15th-century Bishop of Lincoln

Philip Repyngdon (Note: Or Repington, or Repyndon) (c. 1345 – 1424) was a bishop and cardinal.

==Life==
It is believed Repyngdon was born in Wales in around 1345. He became an Augustinian canon, first at Repton Abbey, then at Leicester Abbey where he was ordained to the priesthood on 26 May 1369. He may have been educated at Broadgates Hall, Oxford, although Simon Forde argues against this, since it was for law students and he was a theologian. In any case, he graduated from the University of Oxford as a Doctor of Divinity in 1382.

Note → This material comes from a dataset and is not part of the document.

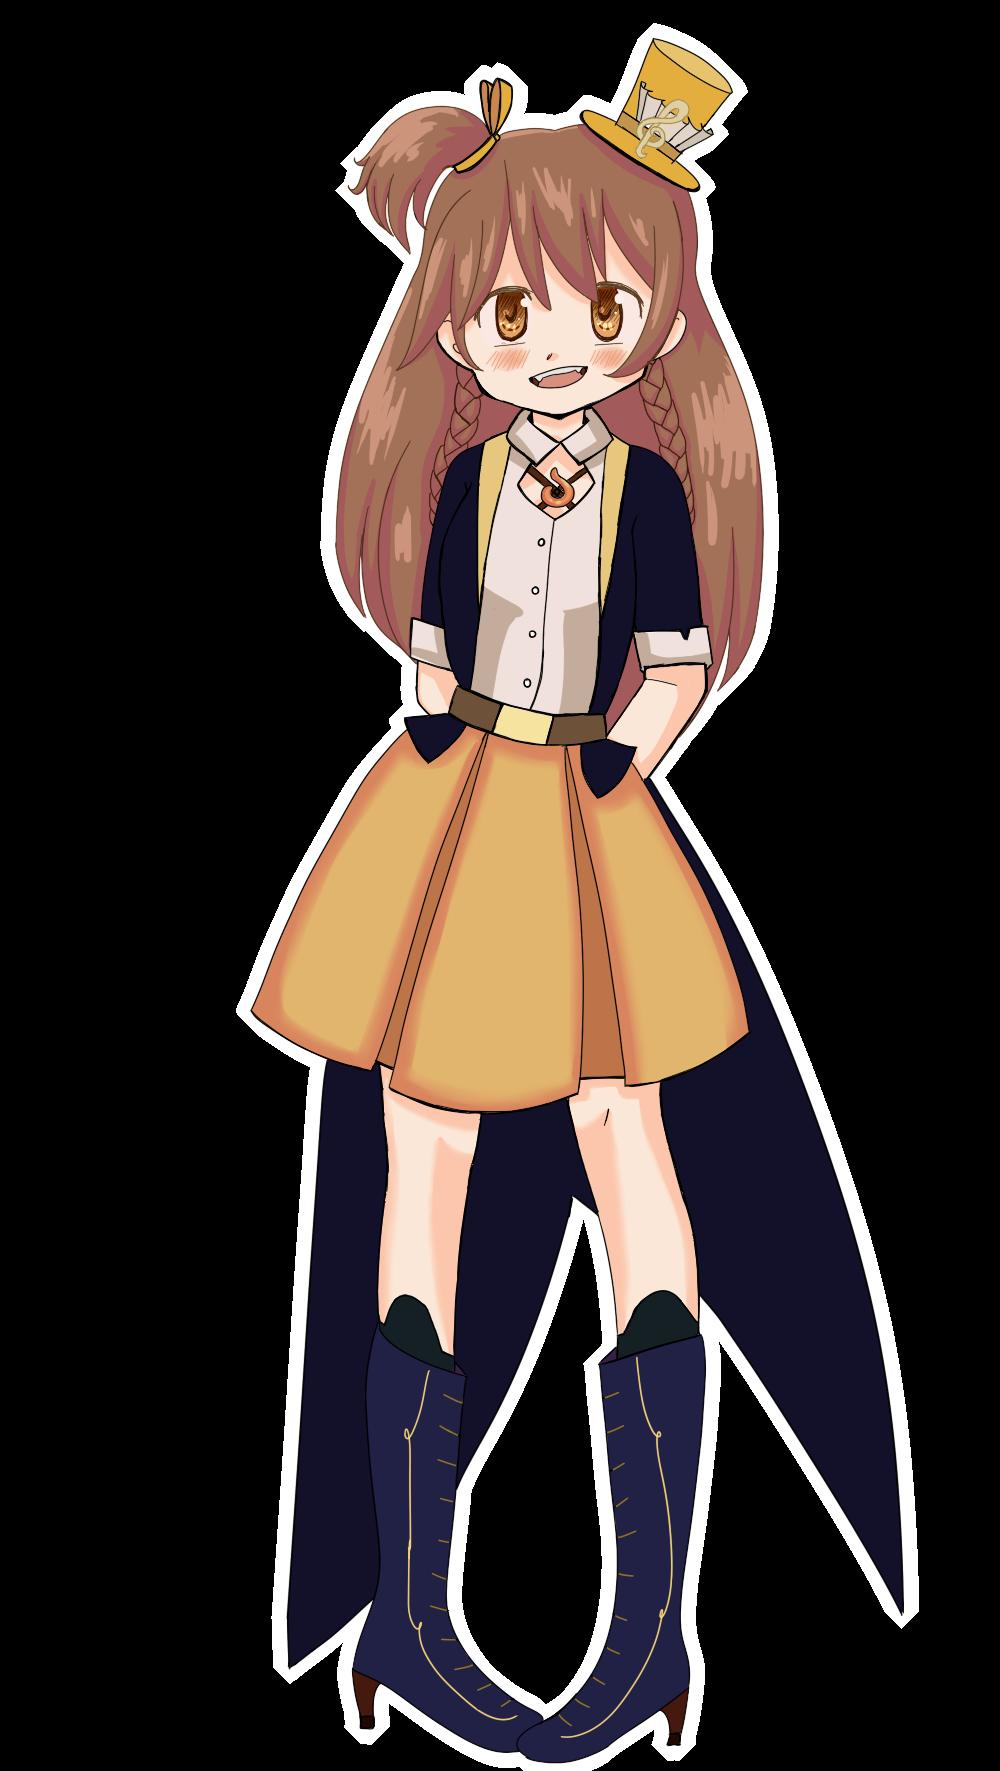 Puella Magi Madoka Magica Original Character By Colettehatesyou On Deviantart

A man of learning, Repyngdon came to the front as a defender of the doctrines taught by John Wycliffe; for this he was suspended and afterwards excommunicated, but in a short time he was pardoned and restored by Archbishop William Courtenay, and he appears to have completely abandoned his unorthodox opinions.

In 1394, Repyngdon was made abbot of the abbey of Saint Mary de Pratis at Leicester, and after the accession of Henry IV to the English throne in 1399 he became chaplain and confessor to this king, being described as clericus specialissimus domini regis Henrici. From 1400 to 1403, Repyngdon was chancellor of Oxford University.

On 19 November 1404, Repyngdon was chosen bishop of Lincoln, and was consecrated on 29 March 1405. In 1408, Pope Gregory XII created him a cardinal, however, it was not recognised in England, and the creation was revoked in 1409.

In 1405, Repyngdon attempted to promote a pilgrimage site at Yarborough devoted to the Blessed Sacrament, after the church there was destroyed by fire. The pyx which contained the consecrated Host was the only thing to survive the fire, and the bishop attempted to establish a cult centre there, but it failed.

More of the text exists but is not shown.